(Source material Opens)
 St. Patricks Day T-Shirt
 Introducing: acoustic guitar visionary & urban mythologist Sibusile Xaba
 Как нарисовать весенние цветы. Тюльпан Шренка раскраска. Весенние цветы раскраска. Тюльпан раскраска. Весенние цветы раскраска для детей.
(Source material Closes)
(Source material Opens)
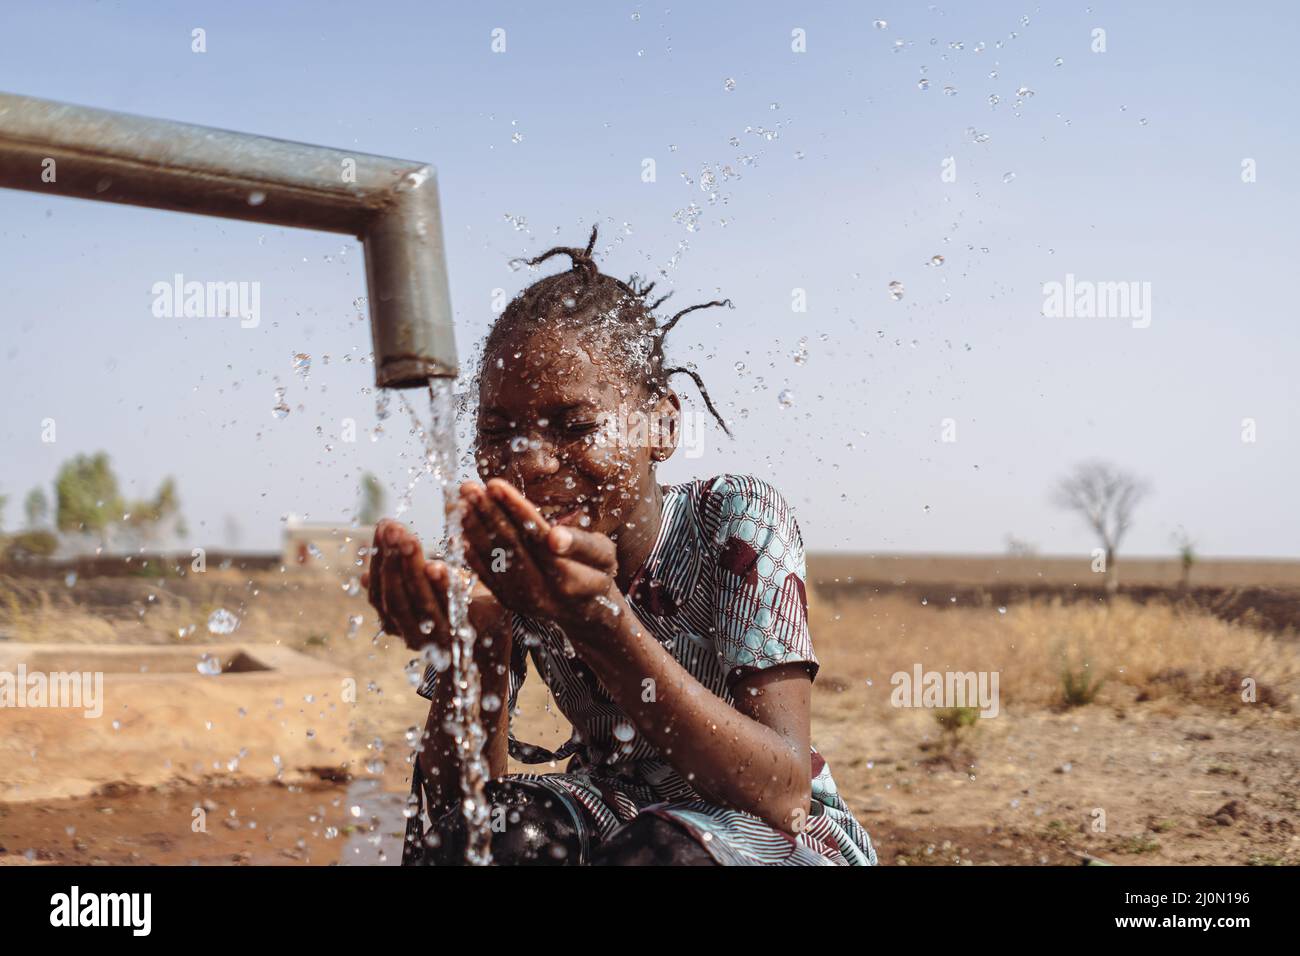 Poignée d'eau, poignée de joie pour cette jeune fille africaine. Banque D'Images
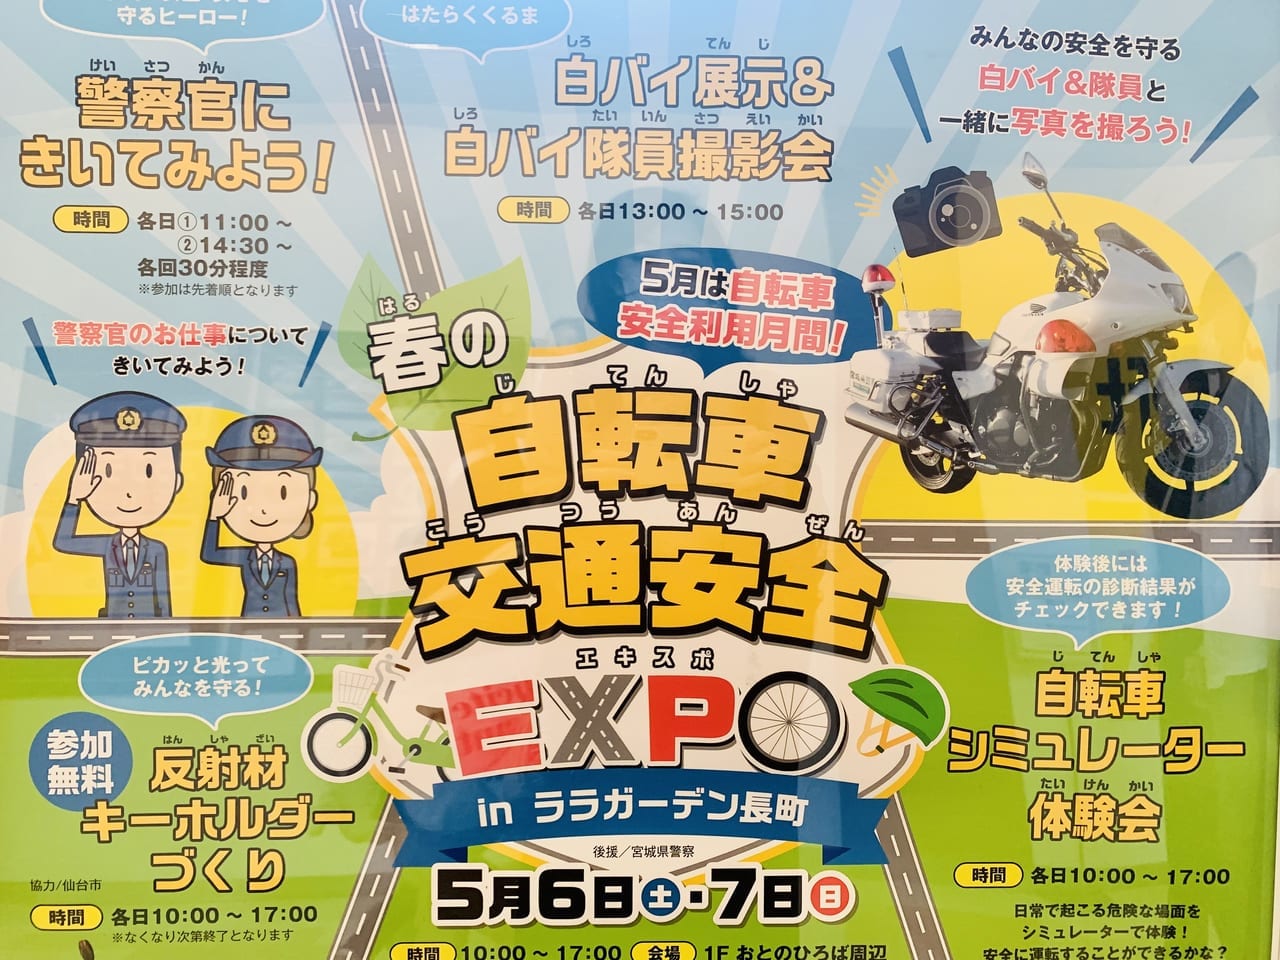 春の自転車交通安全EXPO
(Source material Closes)
(Source material Opens)
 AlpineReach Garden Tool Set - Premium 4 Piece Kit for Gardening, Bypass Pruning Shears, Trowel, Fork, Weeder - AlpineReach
(Source material Closes)
_What needs to be done:_ In the data above, retype exactly and only the lines between the one holding "St. Patricks Day T-Shirt" and the one holding "Как нарисовать весенние", inclusive.

_Answer space:_
 St. Patricks Day T-Shirt
 Introducing: acoustic guitar visionary & urban mythologist Sibusile Xaba
 Как нарисовать весенние цветы. Тюльпан Шренка раскраска. Весенние цветы раскраска. Тюльпан раскраска. Весенние цветы раскраска для детей.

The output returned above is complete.